Clarifications for HW 1
Post date: Oct 11, 2013 8:37:53 AM
If you have trouble picturing what the first exercises are about, try coding them first for a simple example, e.g.:
let f(X) = 2x1 + 3x2^2
then the function form exercise 1 should compute the gradient of f at a given point:
grad(f, [1, 2]) = [2, 12]
by approximating df/dx1 = (f([x1+eps, x2]) - f([x1 - eps, x2]))/(2eps) = ...
note that the formula has to be applied separately for all elements of the input vector X (in other words you have to compute in a loop the partial derivatives).
The function from the second exercise should check whether your gradients are good.
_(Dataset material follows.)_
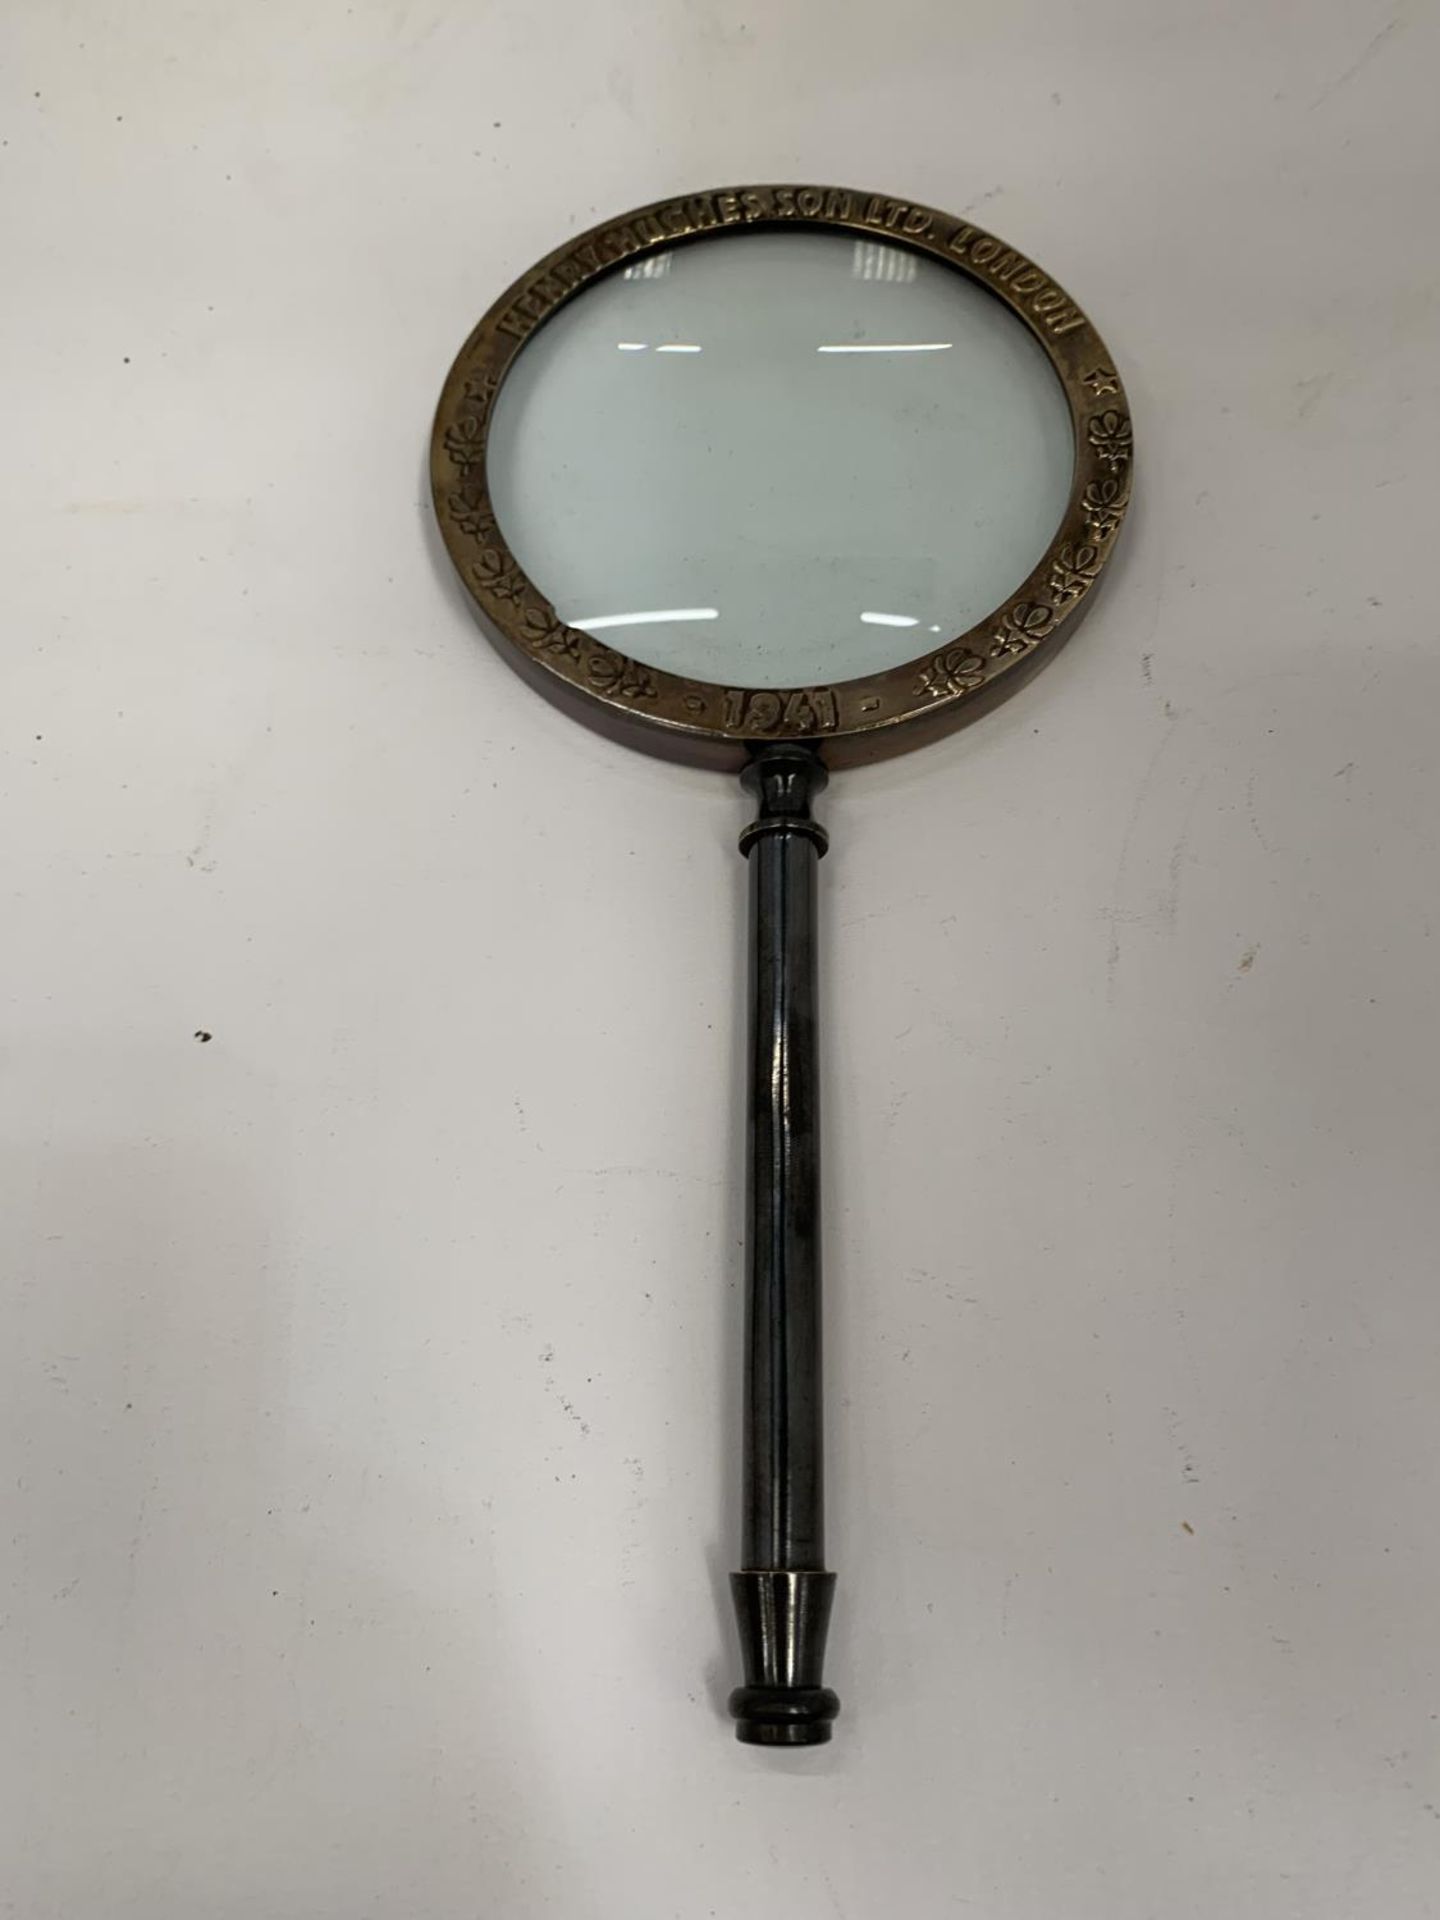 A BRASS MAGNIFYING GLASS IN A LEATHER POUCH - Image 2 of 4
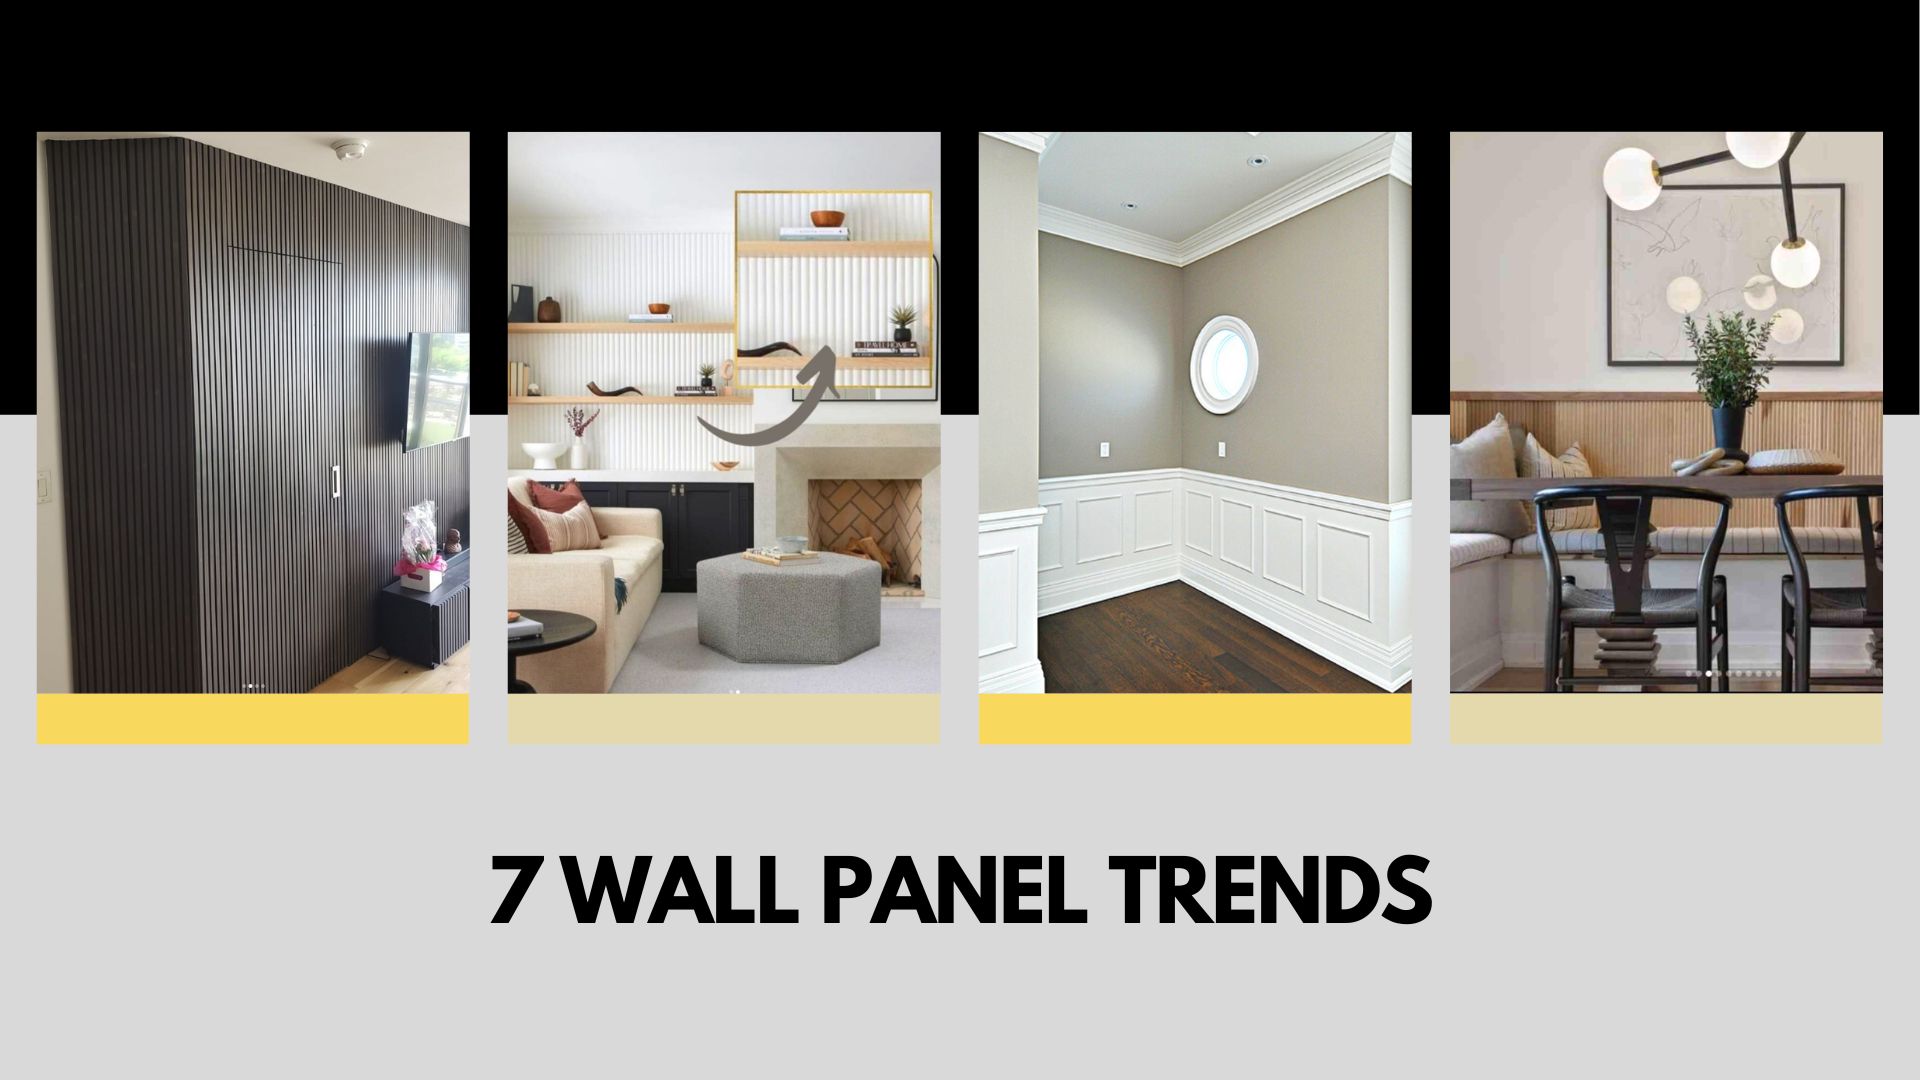 Wall panel trends

Continuing the example you decide to minimize f and provide its gradient:
fg(X) = f(X), gradf(X) = 2x1 + 3x2^2, [2, 6x2]
note that here the function returns a tuple: the value and gradient at a certain point.
Now the goal is to verify that the formula for the gradient results in approximately the same thing as the numerical approximation.
Finally, batch gradient descent is just this algorithm:
1. set theta = theta0 //can set theta=[0,0,..,0] in this example
2. while not converged:
3. theta = theta - alpha*grad(f,theta)
You will have to find an alpha that works (something small, like 10^-4, 10^-7) and find when to stop, possibilities include:
- the value doesn't change too much
- number of iterations exceeded
- the gradient is close to 0
It usually helps to plot how the value of the function to be minimized is changing over the iterations.